Let’s quickly recall how a typical Rasa Open Source project is organized now.
Training data files
- NLU.md
- Stories.md
- Responses.md
- Lookup-Table.md
Configuration files
- domain.yml
- config.yml
- endpoints.yml
- credentials.yml
Option #1: Extended Original Format
We generalize the existing “entity roles” syntax so that for every intent example, an entity marked with []
(square brackets) must be always followed by a valid JSON describing it:
Example
How much is the flight to [London]{"entity": "city", "role": "to"}
I'd like to order a [barbeque]{"entity": "dish", "synonym": "bbq"}
I do not know the name of the airport in [new york]{"entity": "city"}
We leave what we already have in the Markdown, but we extend it with:
- “rich responses” for
ResponseSelector
- metadata syntax with
%
- mandatory
story:
key for stories - lookup tables can be defined in a separate file without a reference from
NLU.md
stories.md
<!-- note that the next line starts with `story:` key -->
## story: greet + location/price + cuisine + num people
% Metadata is defined using % (percentage)
* greet
- action_ask_howcanhelp
* inform{"location": "...", "price": "..."}
- action_on_it
- action_ask_cuisine
* inform{"cuisine": "..."}
- action_ask_numpeople
* inform{"people": "..."}
- action_ack_dosearch
<!-- note that the next line starts with `story:` key -->
## story: first story
* greet
- action_ask_user_question
> check_asked_question
<!-- note that the next line starts with `story:` key -->
## story: user affirms question
> check_asked_question
* affirm
- action_handle_affirmation
> check_handled_affirmation
<!-- note that the next line starts with `story:` key -->
## story: story with OR
* affirm OR thankyou
- action_handle_affirmation
## story: restaurant form
* request_restaurant
- restaurant_form
- form{"name": "restaurant_form"}
- form{"name": null}
nlu.md
## intent: check_balance
% Metadata is defined using % (percentage)
- what is my balance <!-- no entity -->
- how much do I have on my [savings account]{"entity": "source_account", "value": "savings"} <!-- synonyms, method 1-->
% Example metadata => Sentiment: normal
- Could I pay in [yen]{"entity": "currency"}? <!-- entity matched by lookup table -->
## intent: greet
- hey
- hello
## synonym: savings <!-- synonyms, method 2 -->
- pink pig
## regex: zipcode
- [0-9]{5}
<!-- If a lookup table gets too large, it can be moved to a separate file (like any other component) -->
## lookup:additional_currencies
- Peso
- Euro
- Dollar
## intent: chitchat/ask_name
- what's your name
- who are you?
- what are you called?
## intent: chitchat/ask_weather
- how's the weather?
- is it sunny where you are?
## intent: faq/other_language
- Can you do another language?
We get rid of responses.md
and the ResponseSelector
responses go directly into the domain.

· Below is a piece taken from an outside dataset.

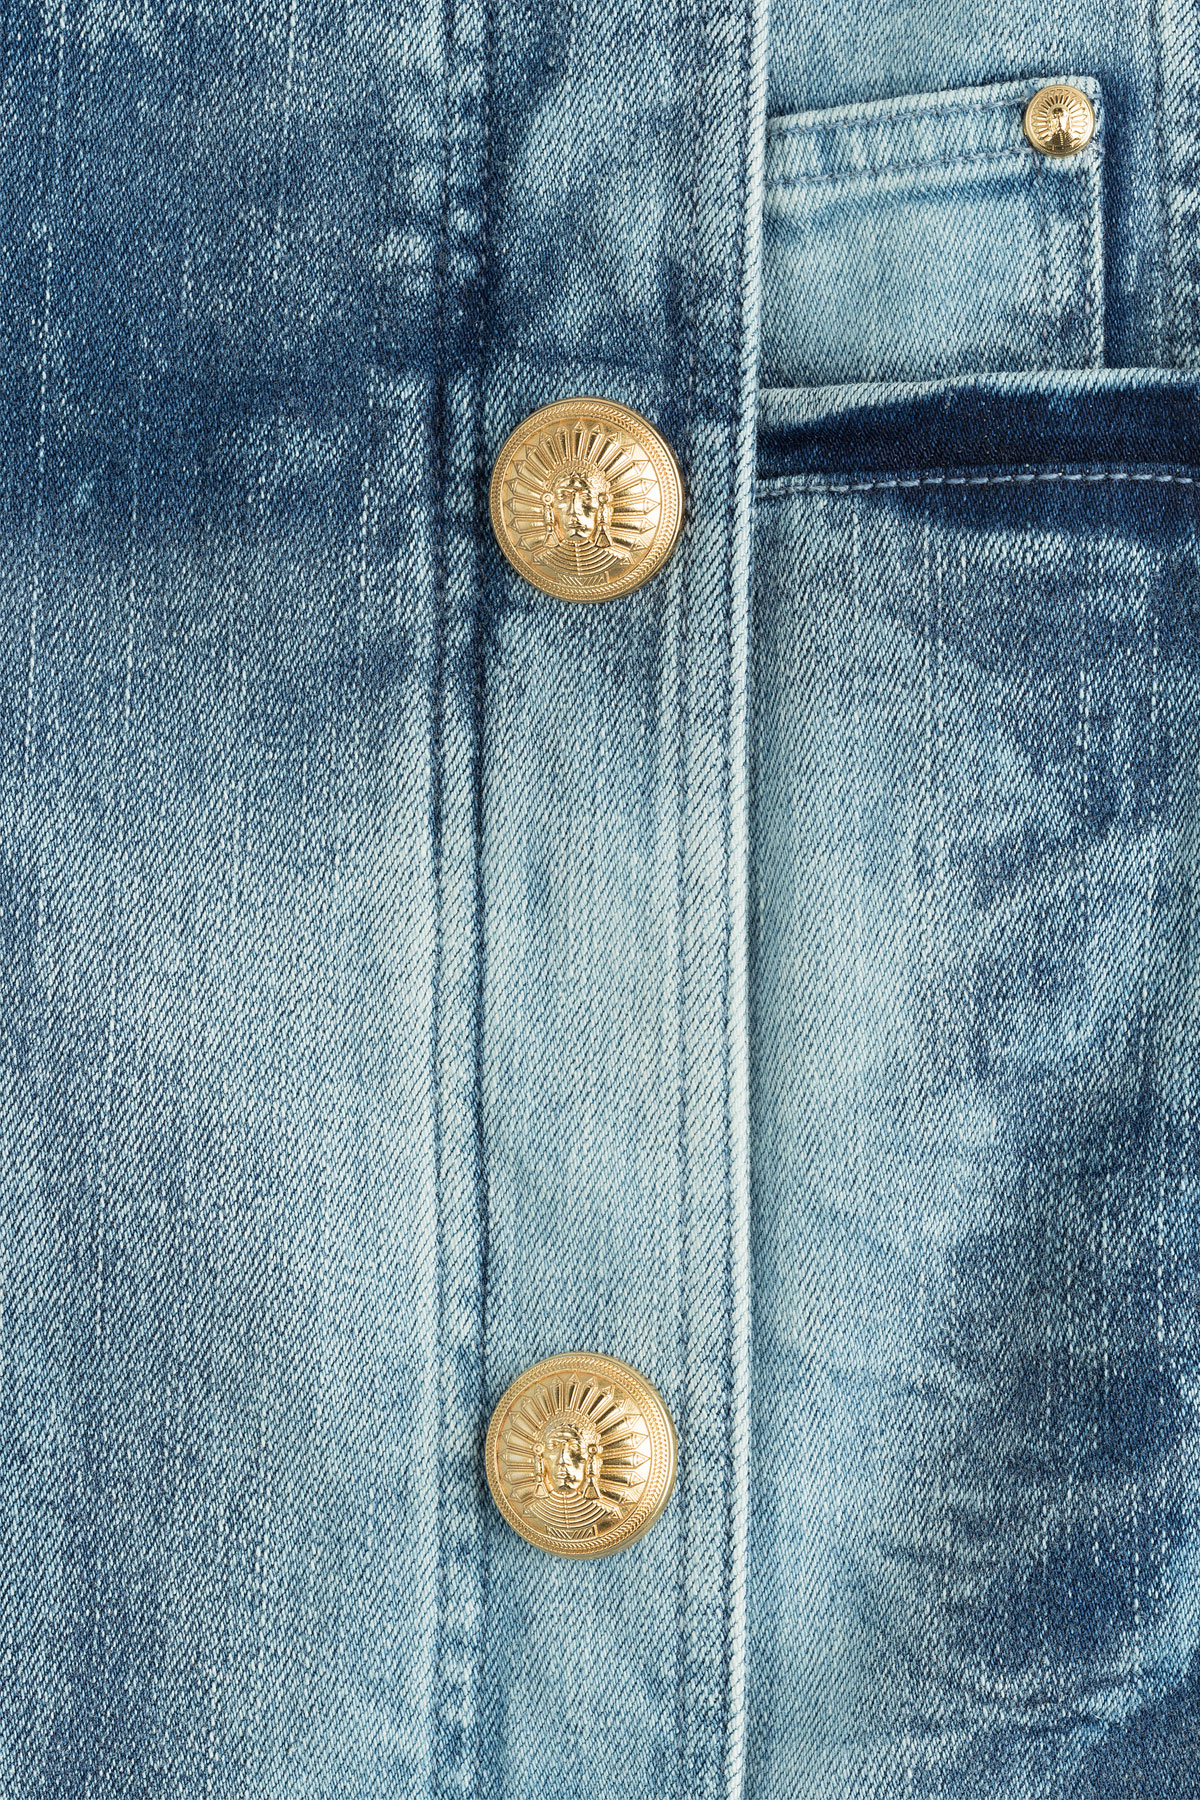 Balmain Denim Skirt With Gold Tone Buttons In Blue Lyst

The domain file can be split into multiple files. Below is an example of a domain file with only responses defined.
domain_responses.yml
responses:
chitchat/ask_weather:
- text: Where do you want to check the weather?
buttons:
- title: Current location
payload: here
- title: Other place
payload: other_location
faq/other_language:
- text: I can only do English right now.
image: "https://i.imgur.com/nGF1K8f.jpg"
- text: I only speak English!
Option #2: YAML Format
As the caption says, we go 100% YAML.
With this format you are free to distribute Domain, NLU and Core data among any number of YAML files. The Rasa parser will only read top-level keys (e.g. stories
, nlu
, slots
, etc.) to understand which information it’s parsing.
We keep those configuration files that are already using YAML.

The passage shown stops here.